== BRIEF ==
In the listing below, the answer starts at the line that has "Cement and Rattan Table Lamp" and stops after the line that has "These one-of-a-kind Candle"; please repeat that part exactly and nothing more.

== DATA SHOWN ==

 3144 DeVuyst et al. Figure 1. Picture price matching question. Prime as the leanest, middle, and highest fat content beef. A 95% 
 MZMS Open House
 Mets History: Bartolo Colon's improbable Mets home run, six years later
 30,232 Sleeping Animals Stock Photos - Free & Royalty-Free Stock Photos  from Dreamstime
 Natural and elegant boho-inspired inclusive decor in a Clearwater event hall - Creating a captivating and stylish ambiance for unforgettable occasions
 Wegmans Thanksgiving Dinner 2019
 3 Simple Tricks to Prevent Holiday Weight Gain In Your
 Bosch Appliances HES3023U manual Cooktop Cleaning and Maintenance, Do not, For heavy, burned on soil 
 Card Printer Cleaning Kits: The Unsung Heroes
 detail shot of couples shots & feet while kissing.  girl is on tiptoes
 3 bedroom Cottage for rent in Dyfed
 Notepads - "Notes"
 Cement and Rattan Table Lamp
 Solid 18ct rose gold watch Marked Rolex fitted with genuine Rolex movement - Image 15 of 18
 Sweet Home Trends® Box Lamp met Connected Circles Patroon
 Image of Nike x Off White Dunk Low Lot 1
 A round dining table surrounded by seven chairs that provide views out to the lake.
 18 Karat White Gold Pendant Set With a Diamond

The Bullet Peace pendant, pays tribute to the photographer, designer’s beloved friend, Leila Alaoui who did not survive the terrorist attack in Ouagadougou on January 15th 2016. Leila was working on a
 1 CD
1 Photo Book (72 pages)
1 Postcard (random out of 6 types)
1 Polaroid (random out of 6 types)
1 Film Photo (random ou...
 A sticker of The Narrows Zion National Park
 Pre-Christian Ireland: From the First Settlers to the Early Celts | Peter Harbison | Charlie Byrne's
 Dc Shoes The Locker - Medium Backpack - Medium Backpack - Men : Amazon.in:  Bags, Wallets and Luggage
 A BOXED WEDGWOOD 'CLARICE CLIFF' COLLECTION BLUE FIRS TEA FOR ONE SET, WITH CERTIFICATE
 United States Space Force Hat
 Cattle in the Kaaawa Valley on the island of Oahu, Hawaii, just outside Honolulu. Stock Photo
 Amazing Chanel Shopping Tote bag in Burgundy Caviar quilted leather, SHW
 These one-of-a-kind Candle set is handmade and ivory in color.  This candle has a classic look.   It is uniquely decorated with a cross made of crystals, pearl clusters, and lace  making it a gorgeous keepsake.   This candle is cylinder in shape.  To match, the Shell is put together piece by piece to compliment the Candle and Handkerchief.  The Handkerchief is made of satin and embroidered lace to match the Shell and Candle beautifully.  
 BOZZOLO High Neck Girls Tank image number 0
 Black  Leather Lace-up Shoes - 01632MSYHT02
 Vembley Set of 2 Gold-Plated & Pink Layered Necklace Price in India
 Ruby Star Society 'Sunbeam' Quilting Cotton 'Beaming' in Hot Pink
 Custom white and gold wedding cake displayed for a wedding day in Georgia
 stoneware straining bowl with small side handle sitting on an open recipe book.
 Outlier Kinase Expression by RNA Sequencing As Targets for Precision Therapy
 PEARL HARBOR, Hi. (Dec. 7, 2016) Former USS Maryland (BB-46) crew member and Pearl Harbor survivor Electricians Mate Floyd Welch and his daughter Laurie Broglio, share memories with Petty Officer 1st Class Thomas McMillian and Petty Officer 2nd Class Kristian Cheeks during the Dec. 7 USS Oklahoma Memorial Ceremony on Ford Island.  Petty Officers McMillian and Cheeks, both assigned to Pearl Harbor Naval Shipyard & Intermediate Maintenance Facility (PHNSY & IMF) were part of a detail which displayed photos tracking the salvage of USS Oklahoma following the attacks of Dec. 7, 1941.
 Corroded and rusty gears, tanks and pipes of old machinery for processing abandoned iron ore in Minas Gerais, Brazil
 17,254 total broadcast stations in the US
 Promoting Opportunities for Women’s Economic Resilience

== ANSWER AREA ==
 Cement and Rattan Table Lamp
 Solid 18ct rose gold watch Marked Rolex fitted with genuine Rolex movement - Image 15 of 18
 Sweet Home Trends® Box Lamp met Connected Circles Patroon
 Image of Nike x Off White Dunk Low Lot 1
 A round dining table surrounded by seven chairs that provide views out to the lake.
 18 Karat White Gold Pendant Set With a Diamond

The Bullet Peace pendant, pays tribute to the photographer, designer’s beloved friend, Leila Alaoui who did not survive the terrorist attack in Ouagadougou on January 15th 2016. Leila was working on a
 1 CD
1 Photo Book (72 pages)
1 Postcard (random out of 6 types)
1 Polaroid (random out of 6 types)
1 Film Photo (random ou...
 A sticker of The Narrows Zion National Park
 Pre-Christian Ireland: From the First Settlers to the Early Celts | Peter Harbison | Charlie Byrne's
 Dc Shoes The Locker - Medium Backpack - Medium Backpack - Men : Amazon.in:  Bags, Wallets and Luggage
 A BOXED WEDGWOOD 'CLARICE CLIFF' COLLECTION BLUE FIRS TEA FOR ONE SET, WITH CERTIFICATE
 United States Space Force Hat
 Cattle in the Kaaawa Valley on the island of Oahu, Hawaii, just outside Honolulu. Stock Photo
 Amazing Chanel Shopping Tote bag in Burgundy Caviar quilted leather, SHW
 These one-of-a-kind Candle set is handmade and ivory in color.  This candle has a classic look.   It is uniquely decorated with a cross made of crystals, pearl clusters, and lace  making it a gorgeous keepsake.   This candle is cylinder in shape.  To match, the Shell is put together piece by piece to compliment the Candle and Handkerchief.  The Handkerchief is made of satin and embroidered lace to match the Shell and Candle beautifully.  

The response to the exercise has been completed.